Пока он был напарником/учеником Бабая, он изучил работу расходчиков. Первое на что он обратил внимание, что идя по коридору они объявляют (пробивают) не только расход с указанием имени пришедшего мусора в барак, а также и чёрный ход, когда инспектор удалился и можно делать что хочешь. Когда мусора заходили в секцию, расходчики на дверях кричали «Внимание!». Один из расходчиков, как-то раз решил покушать за одним столом с семейкой Креста. Для Бори это означало лишнюю тарелку, которую можно было раздобыть на общем. И, возможно, он или Бабай, останутся без пайки. Но Бабай был опытный и готовый к такому повороту, поэтому быстро сообразил как разделить порции на одного человека больше. Расходчик ел дольше всех, и когда блатные представители семейки ушли, Боря остался с ним один на один, доедать.
– Вы – расходчики – по очереди стоите? – Поинтересовался Боря.
– Да, – ответил тот. – У смотрящего за расходом Гуцала, есть расписание, кто, куда и во сколько встаёт на расход. Ты, наверняка, заметил, что и в секции стоят на расходе и у входа в барак стоят на расходе и по продолу ходят пробивают расход, и у входа в секцию стоят расходчики.
– Которые «Внимание!» кричат?
– Они не только дожны «Внимание» сказать. Они ещё предупреждают, когда мусора на этаж поднимаются.
– Да. Я слышал. Вчера кричали «Связист на этаже», потом «Внимание!». Поспать не дал, блин…
– А что делать. Если бы не расходчики, сидеть бы нам в ШИЗО, а не в бараке лагерном отдыхать.
– Ты боишься ШИЗО?
– Зачем? Я уже три раза там побывал. Просто неохото весь срок там просидеть. Зачем же на рожон-то лезть?
– И то верно.
Несколько раз он встречал и своих сотоварищей по этапу: Ткача и Виталика. Оба они сошлись во взгляде, что борино положение – это не совсем шнырь. Шныри – они почти как обиженные, выполняют всю грязную работу: стирают, убирают, некоторые даже купают своих блатных. Боря же скорее блатная шестёрка, и что после освобождения, его семейка может взять его в банду и ставить на шухер. Зря Ткач это сказал, потому что Боря сразу же перевёл разговор на другую тему:
– Шухер – это же расход, по-нашему, по-тюремному?

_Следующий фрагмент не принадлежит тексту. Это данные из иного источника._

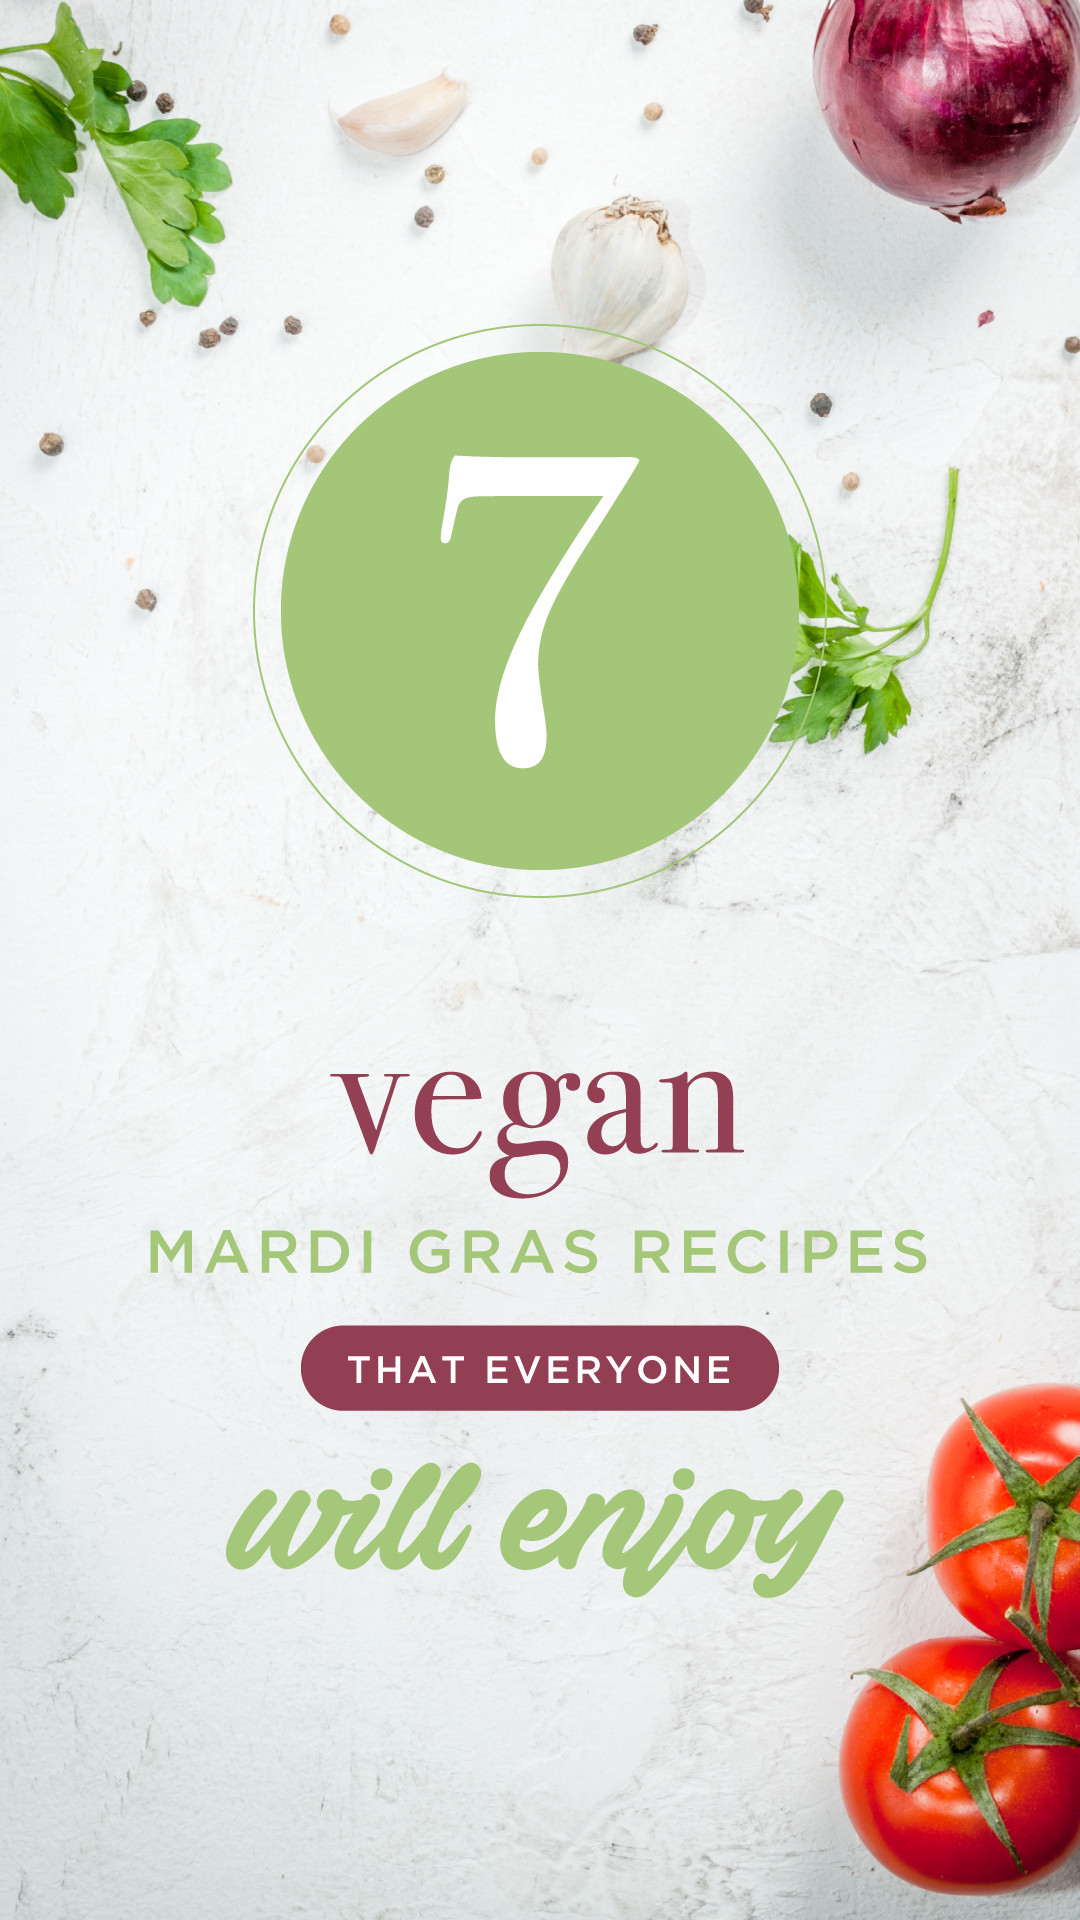 Vegetarian Mardi Gras Recipes
 7 Vegan Mardi Gras Recipes That Everyone Will Enjoy

– Не спеши. – Парировал Ткач. – У нас на промке один зек работает. Жук его зовут. Так вот он рассказывает, что отбывал он давече наказание на строгом режиме. Так там расходчиков называют фишкой. И стоят там не на расходе, а на фишке.
А ещё позже, Боря увидел, что он не один такой, кто обслуживает чью-то семейку. И ко всем, к ним, не уничижительное отношение со стороны мужиков барака. Частенько с ними общаются на равных даже смотрящие за разным положением. Но Боря всё равно уже подумывал, как от этого положения отмыться. Может рога надеть – не так уж и плохо?
К концу второй недели пребывания Бори в армянской семейке, когда Бабай уже показывал на двадцать восьмой фонарик, разглядеть который можно было лишь из окна питалки, к нему подошёл Крест с очень важным разговором.
– Поговорил я сегодня с Кальмаром и с дежурным насчёт тебя. – Начал пельный разговор Крест. – Есть вариант, что скоро ты окажешься в священном месте лагеря.
– Это где?! – Потупил рожу Боря, хотя понял, о каком месте идёт речь.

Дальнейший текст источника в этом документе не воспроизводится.